Senator COONAN (12:45 PM) —I speak on the proposed Financial Sector Legislation Amendment (Enhancing Supervision and Enforcement) Bill 2009 and confirm that the coalition supports this bill. I will address a few comments to it briefly. The purpose of the bill is twofold: firstly, to make APRA responsible for the supervision of what are called non-operating holding companies—otherwise known as NOHCs—of life insurers; and, secondly, to harmonise and strengthen the regulators’ powers to seek court injunctions under a range of acts, including the Banking Act 1959, the Insurance Act 1973, the Life Insurance Act 1995 and the Superannuation Industry (Supervision) Act 1993.

Prudential regulation of non-operating holding companies and related corporate groups was a recommendation from the HIH royal commission. It was also identified in the Wallis report that the former coalition government commissioned in 1997 and acted upon. With the passage of the bill, APRA will be able to seek a consistent and comprehensive range of injunctions from the Federal Court of Australia, and this power will apply to authorised deposit-taking institutions—otherwise known as ADIs—and to general insurance, life insurance and superannuation.

The bill is aimed at ensuring that, where life insurance companies are part of large corporate groups, they are not exposed to risks that stem from other companies within the group. As these risks may affect policy holders, the parent of the non-operating holding company will become subject to APRA’s prudential supervision. The objectives of the bill are consistent with international agreements on prudential supervision of systemically important financial institutions. Following the Wallis inquiry and the HIH royal commission, APRA was given regulatory oversight of ADIs and of general insurers, and this particular bill continues the former government’s work by bringing the non-operating holding companies of life insurers within APRA’s bailiwick.

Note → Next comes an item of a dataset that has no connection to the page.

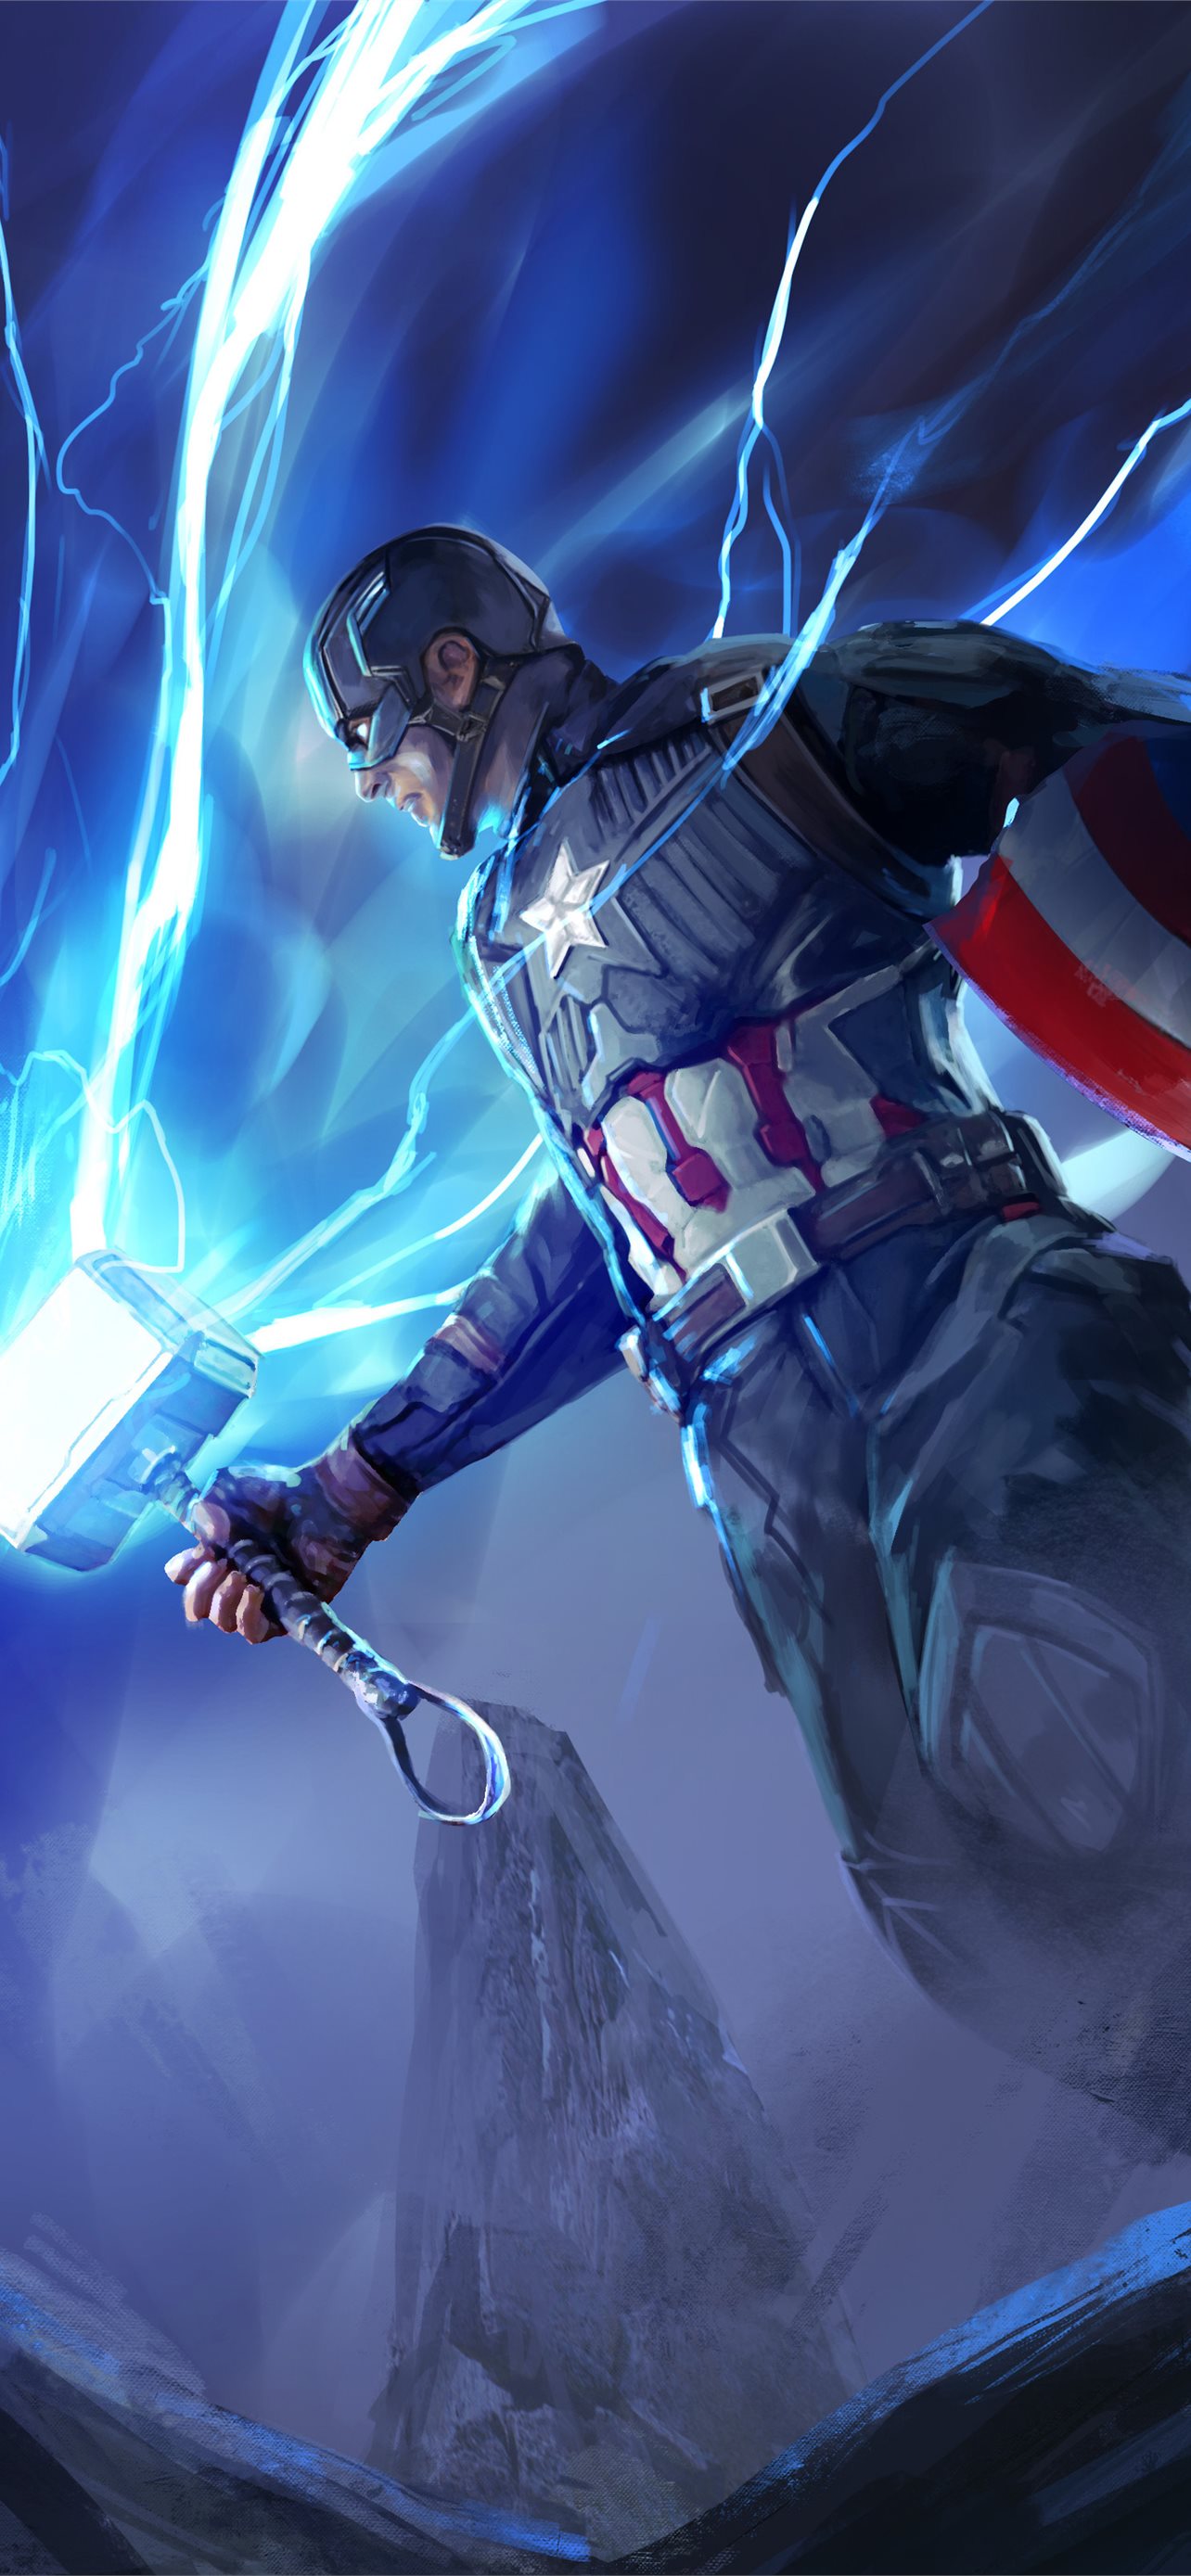 New Captain America Avengers Endgame Samsung Galax... iPhone Wallpapers  Free Download

There was, however, an important matter, which I will just mention, raised during the coalition’s consultation phase with industry into this bill. Many APRA directions are not subject to a merits review process. APRA’s power to issue directions without merits reviews is used to prevent borrowing, prevent the payment of dividends, and remove directors and senior managers—all very significant matters for listed companies. So we have come to the view that there may be some value in considering having a universal merits review process for all of APRA’s directions. If there were processes for merits review available on all of the directions, it could enhance natural justice, improve prudential regulation in our country and instil greater confidence in stakeholders across industries in working with the regulator. Such a merits review would have the added advantage of allowing the regulator and regulated entities to better understand the practical implications of such directions and indeed whether such directions were necessary.

I reinforce that the coalition support this bill, but we do ask the government to have a look at this and to work with us and industry stakeholders across the entire Australian financial services field to consider whether a widened merits review capability is warranted. With those comments, I commend the bill.